Is there anyway to refresh my post from time to time


----------



## whitetaco02

I would like to see this in every title: 2013-2-14, 2014-2015, etc... depending on the years.

This would make it easier in my opinion.


----------



## RossVegas

Pasttime said:


> Please place the county in the subject title.



Wish everyone would do this.


----------



## tad1

RossVegas said:


> Wish everyone would do this.


Please place the county in the subject title.

Amen!


----------



## Hunter922

Threads are deleted after 6 months. All information in the posting rules must be in the thread or it is deleted.


----------



## Headsortails

Any restrictions by state residence must be stated.


----------



## Etoncathunter

It would be nice to have subforums for regions. NW,NE,MW,ME,SW,SE to make it easier to search. It is a royal pain to have to scroll through 100 posts in south ga (lord i wish i was there) just to find 1 post here in nw ga. (Dang it sucks here)

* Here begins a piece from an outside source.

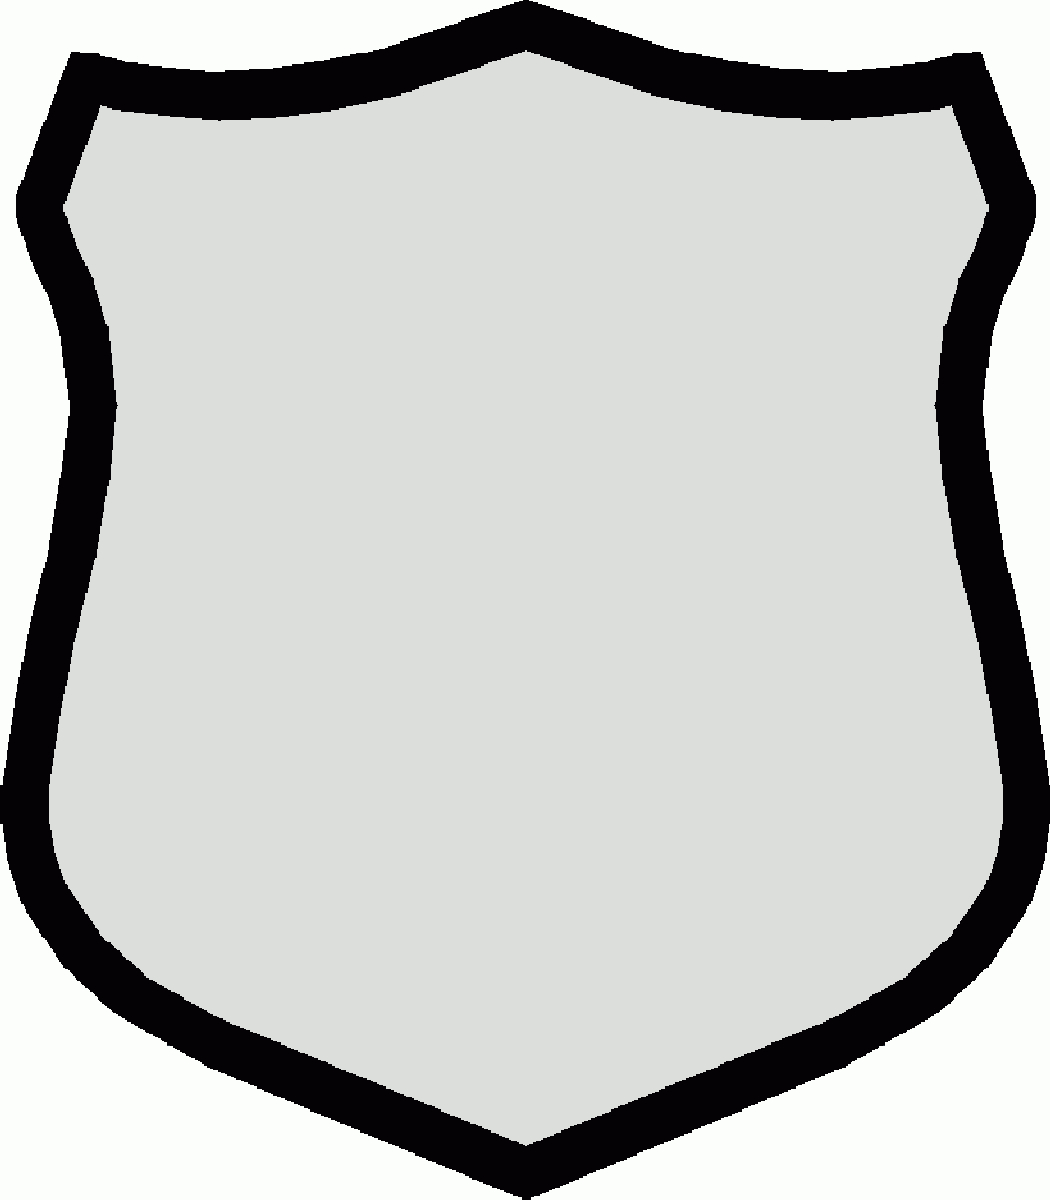 Shield Template Clipart | Free Download Best Shield Template Inside Blank Shield Template Printable

Also it would be nice to have required AND  ENFORCED standard title format. A fishing site i'm on does that with reports and it helps. Something like: county/size/members/type (qdm/trophy/state rules).  

Ex: Murray, 1200/12,QDM


----------



## BGA

Easier searching abilities like Eton said above.

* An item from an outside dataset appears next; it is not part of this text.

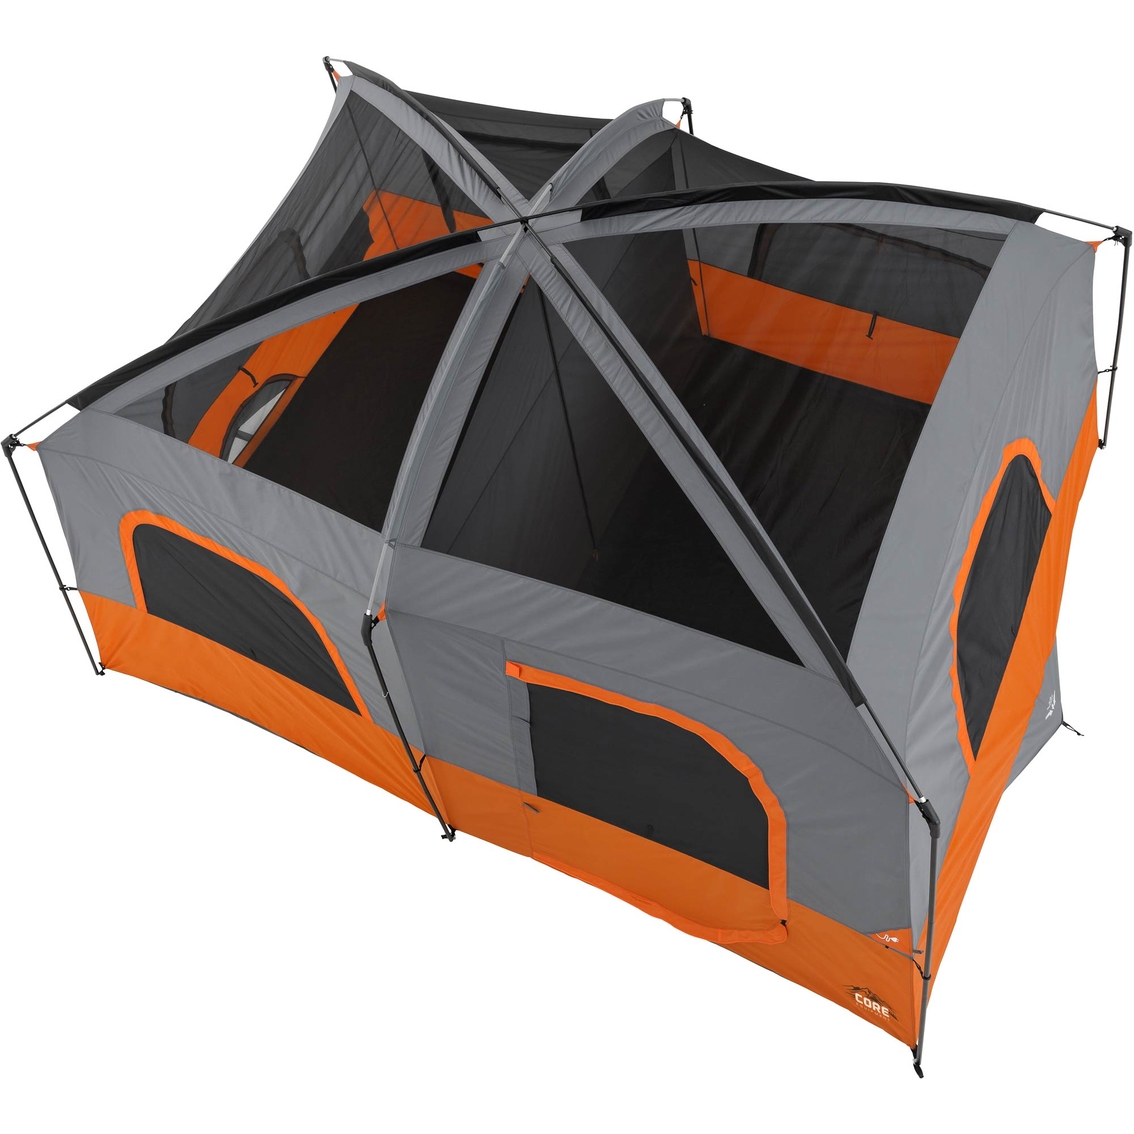 Core Equipment 10 Person Straight Wall Cabin Tent, Tents

Map with address feature could help.


----------



## groundhawg

winchester270 said:


> In the Lease Looking for Members and Land for Lease - Georgia Only,Looking for Land or Club - Georgia OnlLand For Lease - All other states outside of Georgia, Looking For Lease-All other states outside of Georgia
> Looking for a lease or club outside Georgia, and Swap and SellHave adds automatically removed after 30 days of original posting date like graigslist does. This would eliminate looking at adds like clubs that are already full, land is already leased, person has alredy found club, item is already sold etc. This would make this forum easier to use and would eliminate alot of wasted time on phone calls, personal messages,emails etc.



I have found lease information years old and joined or guided other to join by following up on the past date information.  Most of the time I search by county I am interested in and then can contact the person if I wish.

Would hate to see lease info gone in 30 or 60  or ...days.


----------



## groundhawg

Hunter922 said:


> Threads are deleted after 6 months. All information in the posting rules must be in the thread or it is deleted.



I have found lease information years old and joined or guided other to join by following up on the past date information.  Most of the time I search by county I am interested in and then can contact the person if I wish.

Would hate to see lease info gone in 30 or 60  or ...days. 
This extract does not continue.